Top of Data excerpt

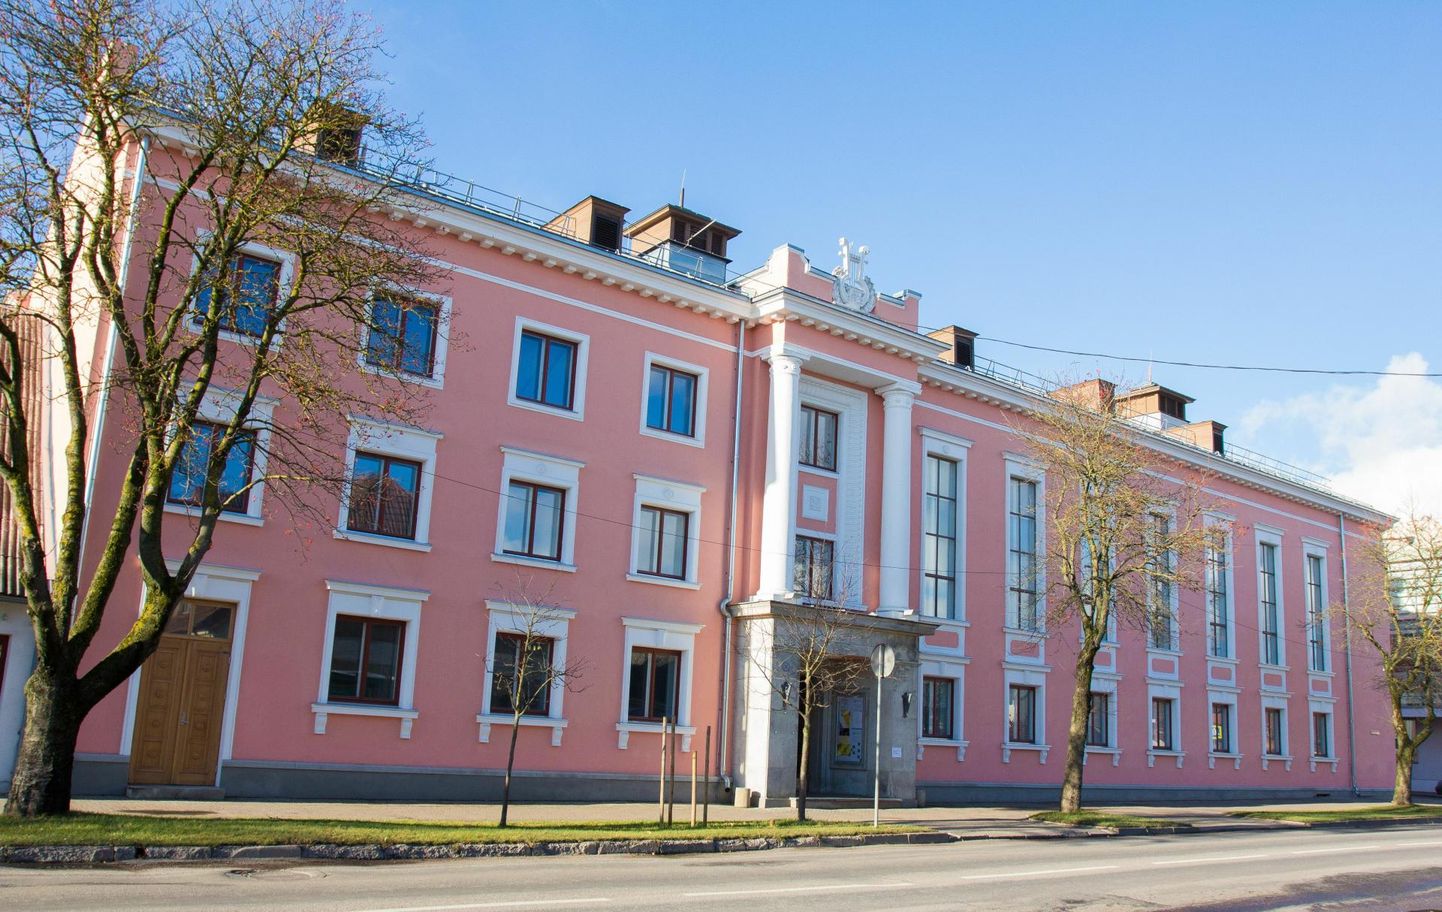 Viljandi kultuurimaja, praeguse Sakala keskuse ajalugu ulatub XVIII sajandi viimasesse veerandisse, mil samal kohal tegutses Seasaare kõrts võõrastemajaga.
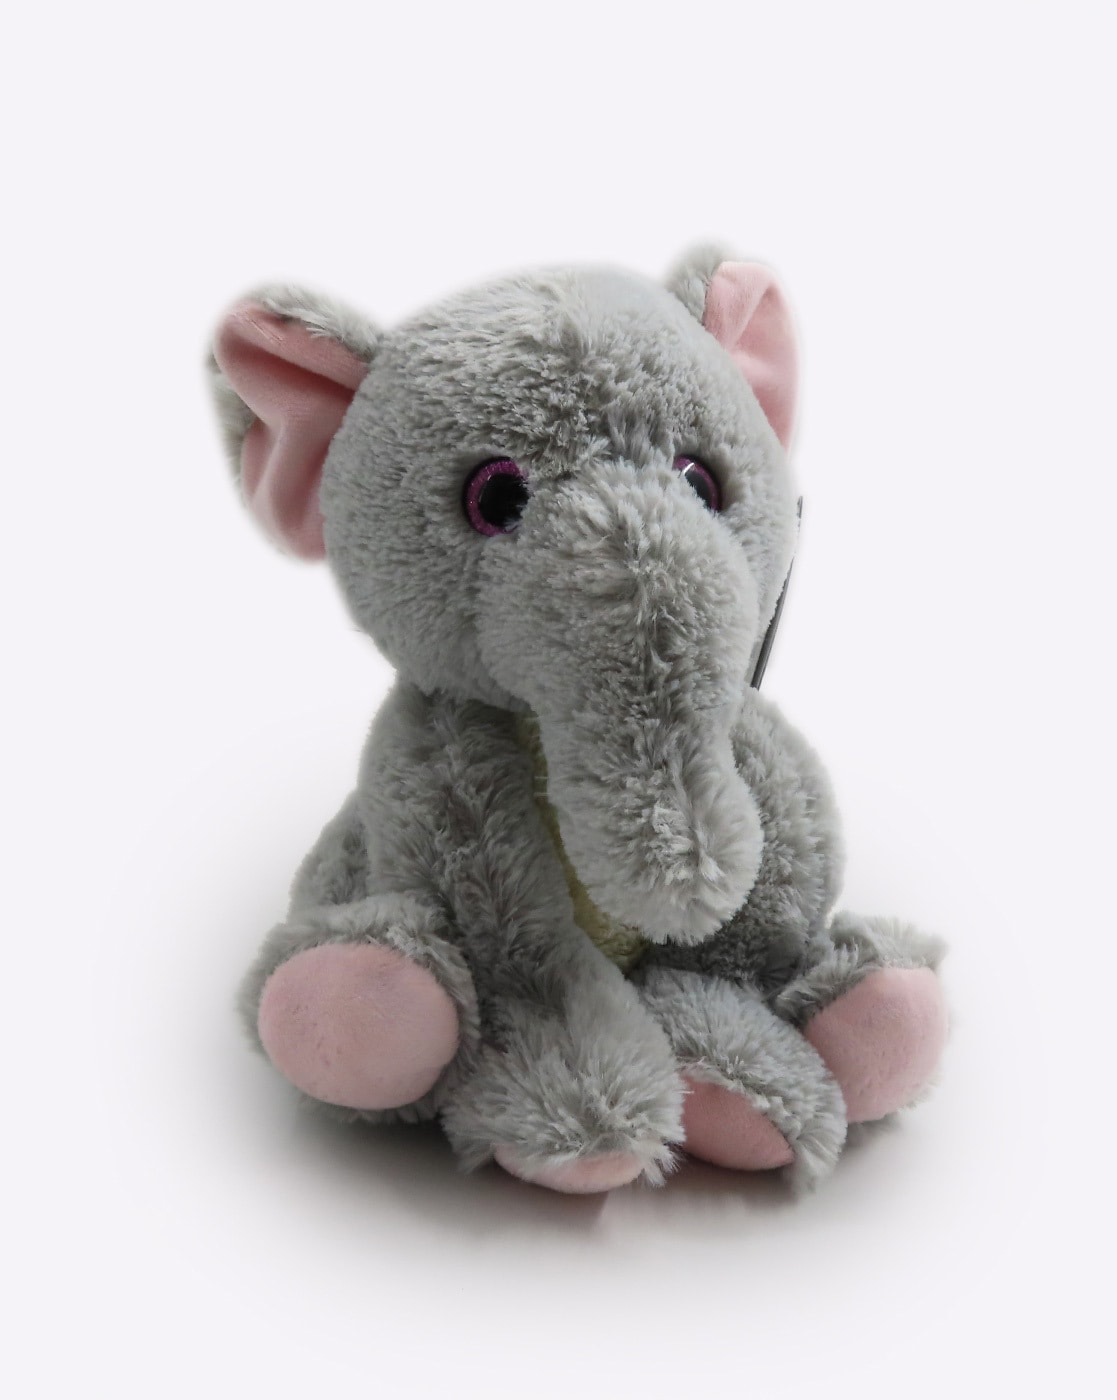 the elephant plush toy
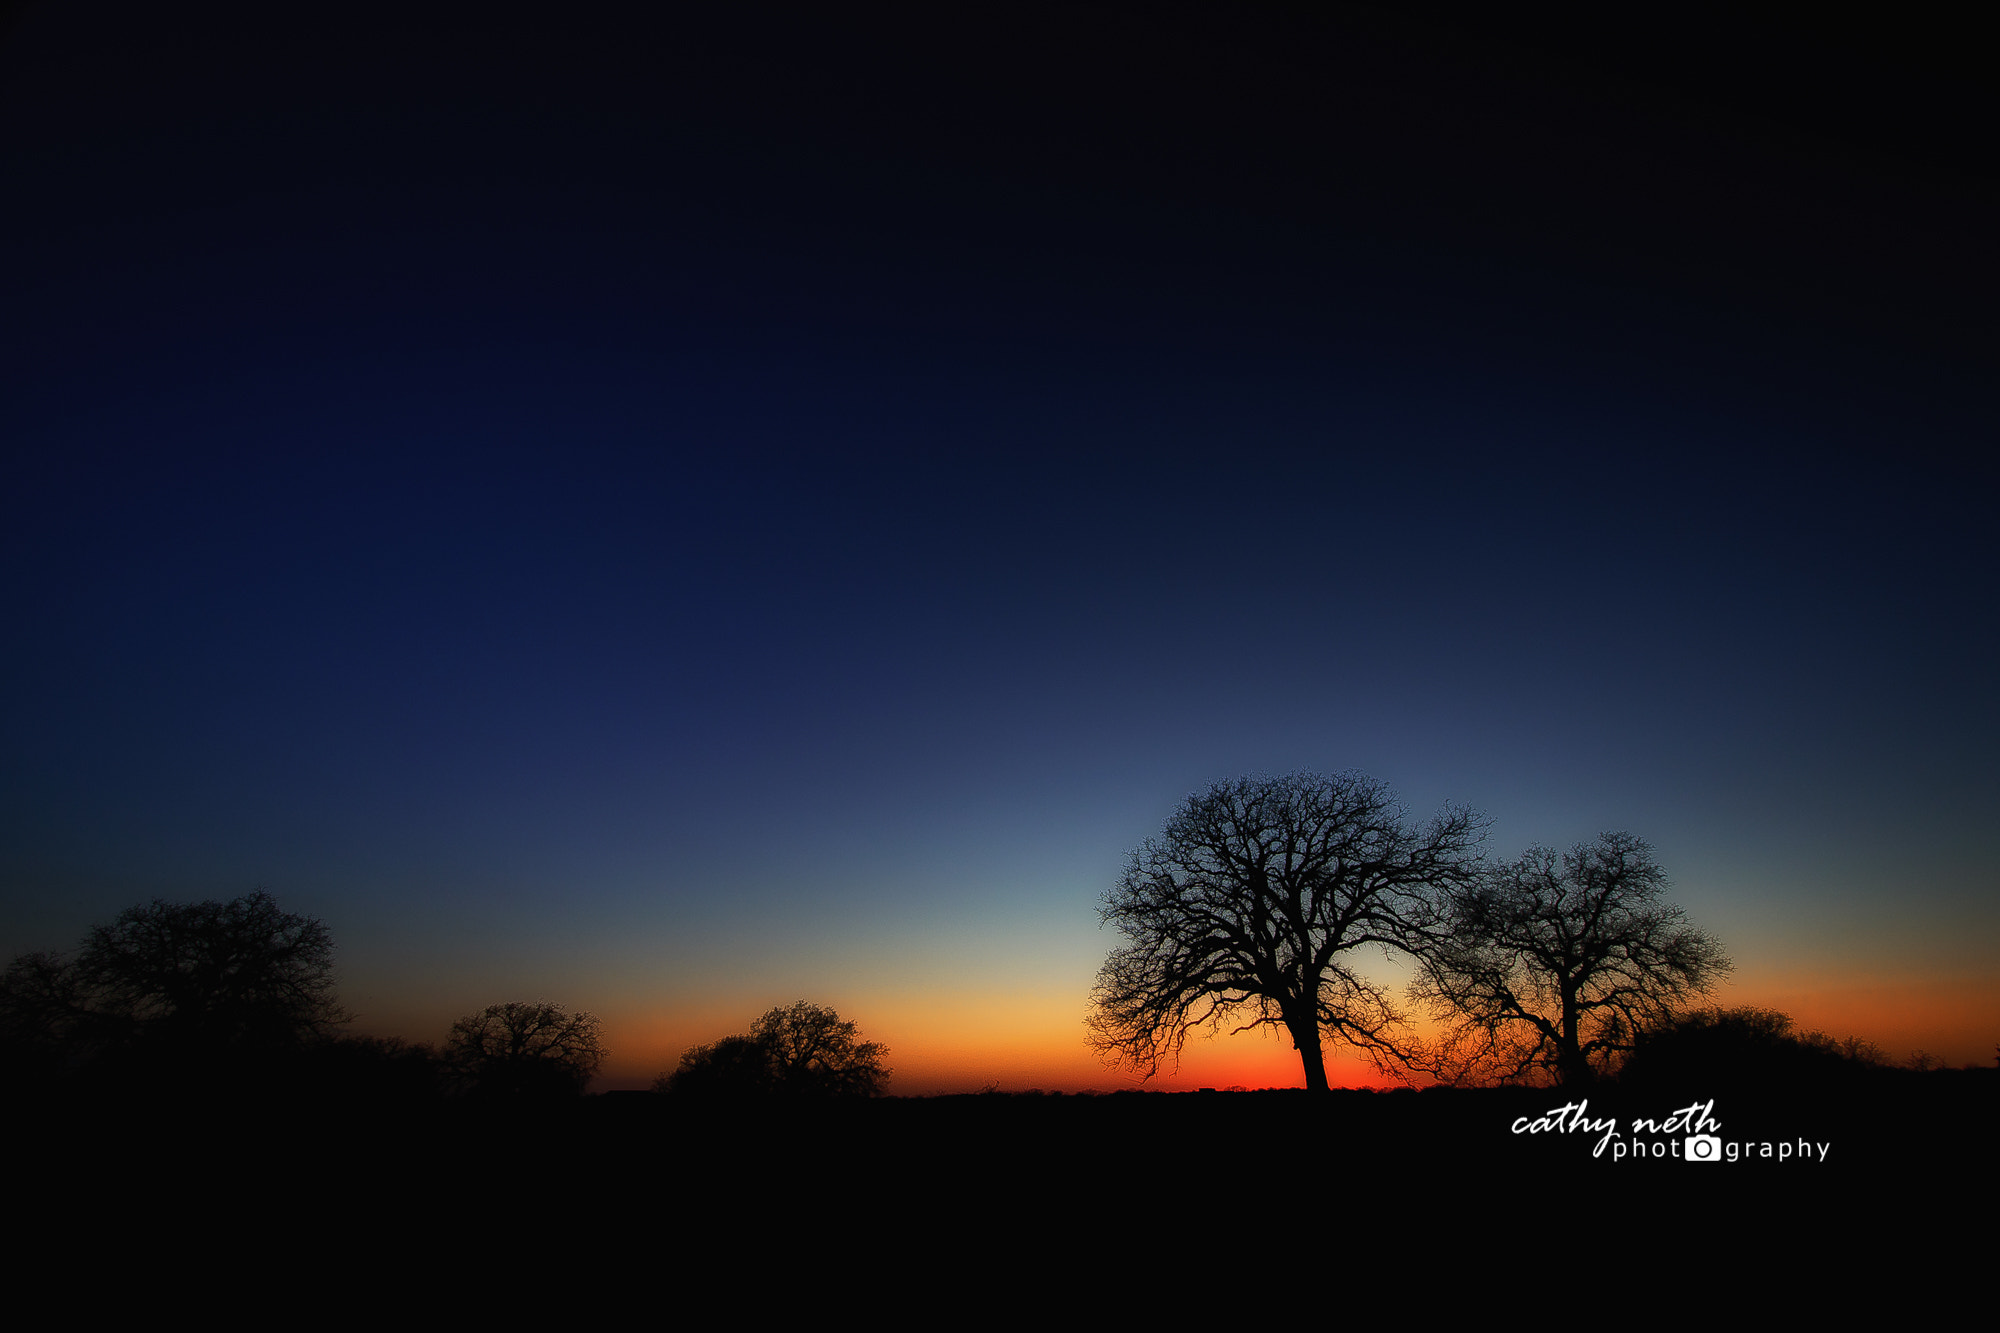 Nikon D810 + Nikon AF-S DX Nikkor 10-24mm F3-5-4.5G ED sample photo. Oak tree silhouette at sunset photography
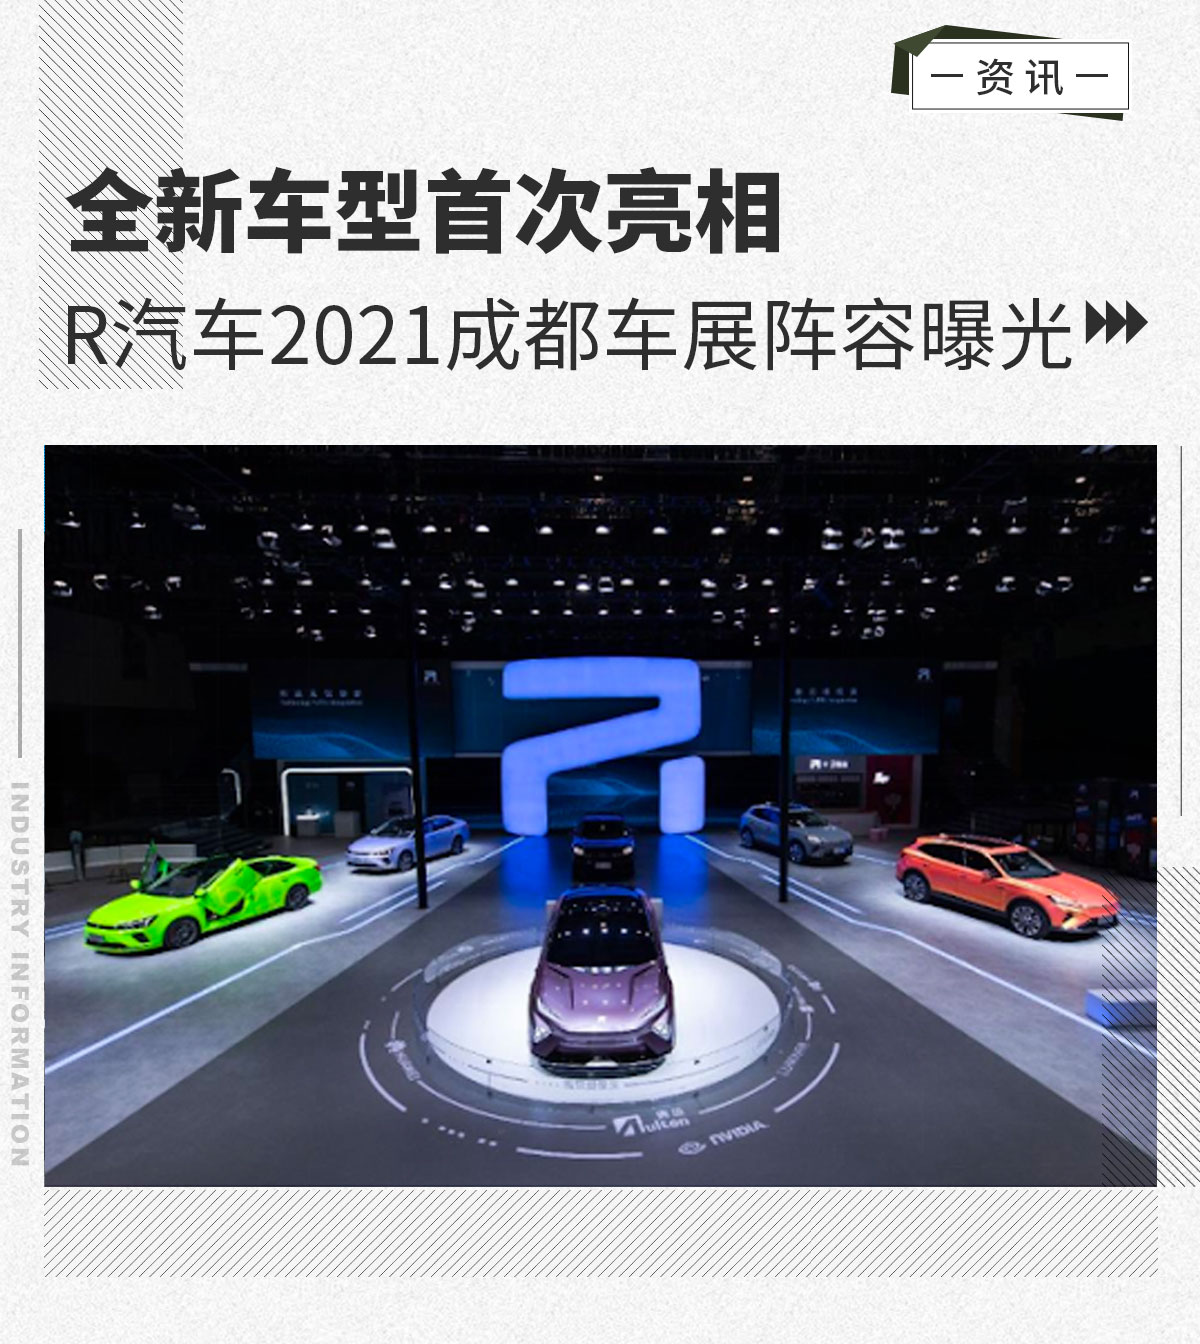 全新车型首次亮相 R汽车2021成都车展阵容曝光

Bottom of Data excerpt

Beginning at the line that contains "the elephant plush toy", transcribe it and every later line through the last line of the data above, exactly, and drop the pictures.

Response:
 the elephant plush toy
 Nikon D810 + Nikon AF-S DX Nikkor 10-24mm F3-5-4.5G ED sample photo. Oak tree silhouette at sunset photography
 全新车型首次亮相 R汽车2021成都车展阵容曝光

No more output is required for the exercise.